Wink is framework for developing Fault Tolerant Systems with Asynchronous Concurrent Independent Hierarchical Finite State Machines.
A system is fault-tolerant if it continues working even if something is wrong.
Fault-tolerance cannot be achieved using a single computer – it may fail.
-- Joe Armstrong
- Isolated Fault Units - split software into multiple small independent modules that run concurrently to achieve a single objective or fail fast.
- Supervision Tree - modules can monitor the lifcycles of submodules.
- Message Passing - modules communicate asynchronously and do not share state.

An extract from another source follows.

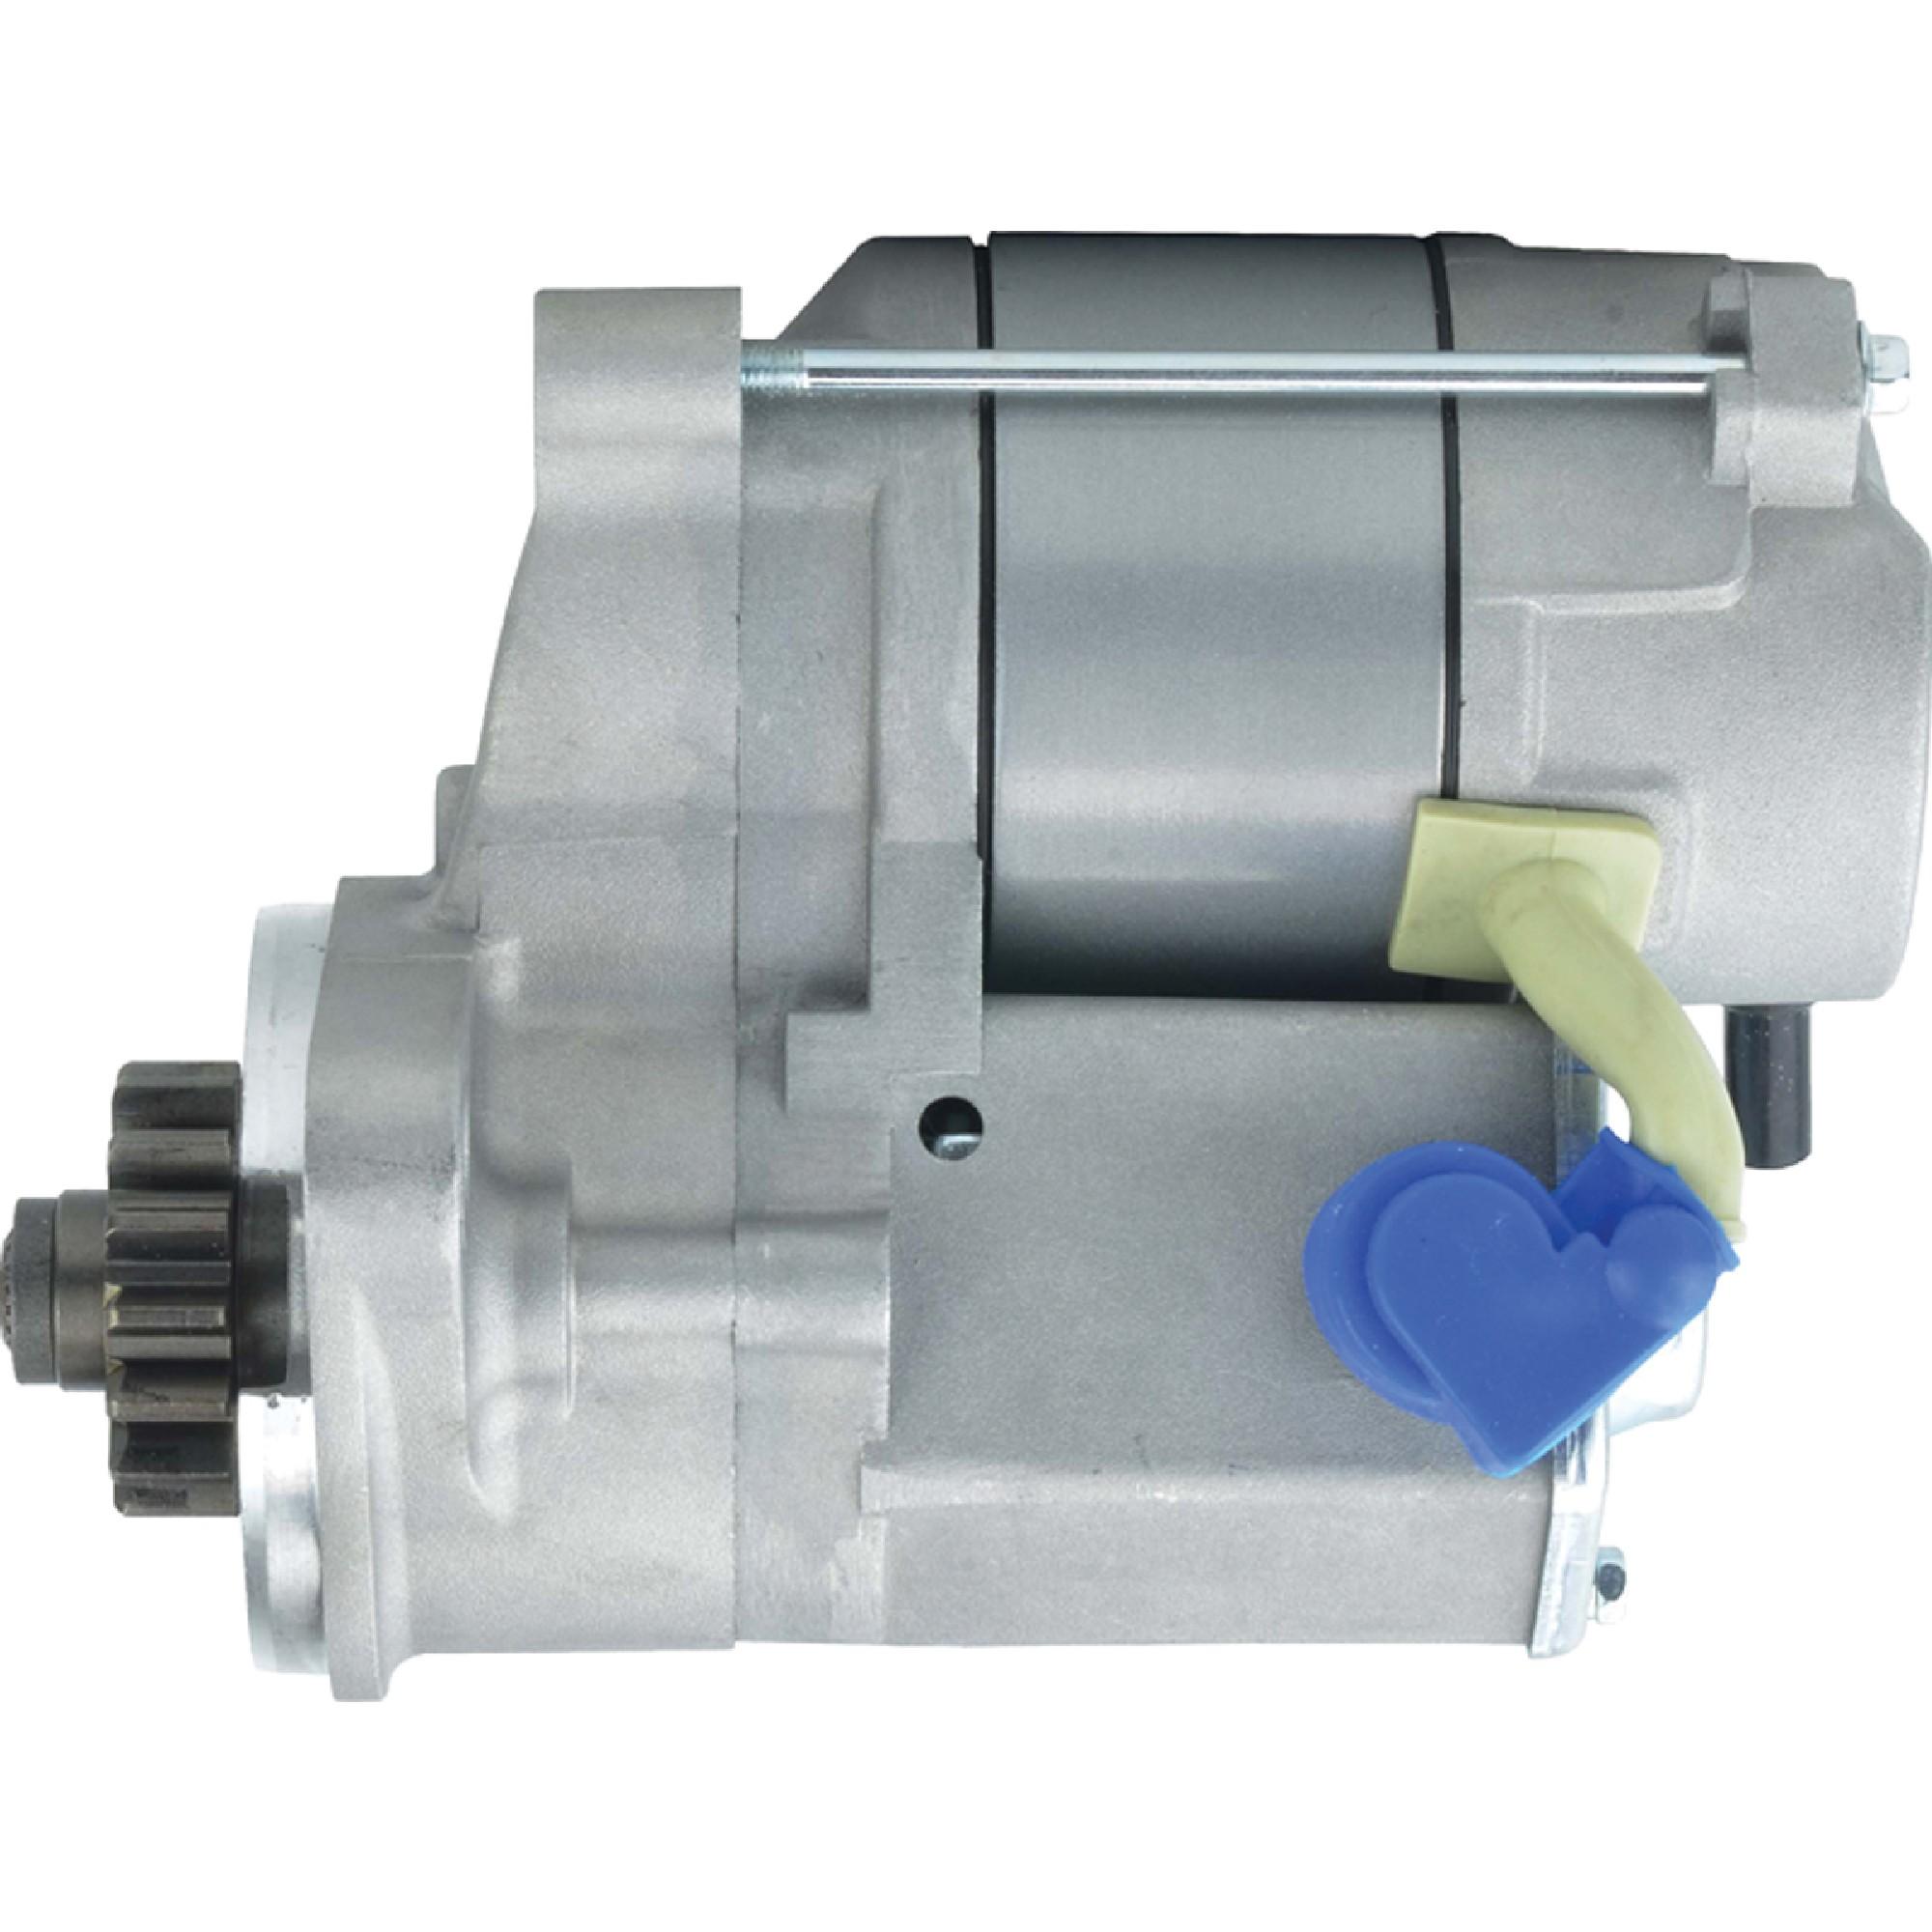 NEW STARTER FITS MASSEY FERGUSON TRACTOR MF1205 ISEKI ENGINE 6281-100-005-00

- Live Upgrade - modules can be updated without restarting the whole system.
- Persistent Records - logs are written to storage that can survive reboot.
A State Machine;
- Runs Independently and Concurrently for Fault Isolation.
- Has a Lifecycle that is monitored by the Spawner for Error Detection and Resolution.
- Communicates Asynchronously to minimize Latency and maximize Throughput.
- Can be Updated and Restarted without affecting others State Machines.
- Writes Logs to either stdout or the filesystem for Debuggability.
- Has a Hierarchy of States to minimize Code Duplication.
- Is Uniquely Identified by its Binary Name and Network Address;
- binary name consists of;
- package and executable:
family/Parent
orfamily/Child
- optional semantic versioning:
family/Parent0.0.1
- optional tag:
family/Child:Alice
orfamily/Child:Bob
- compound example:
family/Child1.2.3:Alice
- package and executable:
- address can either be local, or remote;
- local:
:<port>
orlocalhost:<port>
or127.0.0.1:<port>
- remote:
<ip>:<port>
- local:
- binary name consists of;
Each State consists of a unique Name, an optional Parent, an optional Entry Action, an optional Exit Action, and a set of Receivers.
An action is triggered when a state is entered or exited.
A receiver is triggered upon receipt of a matching message.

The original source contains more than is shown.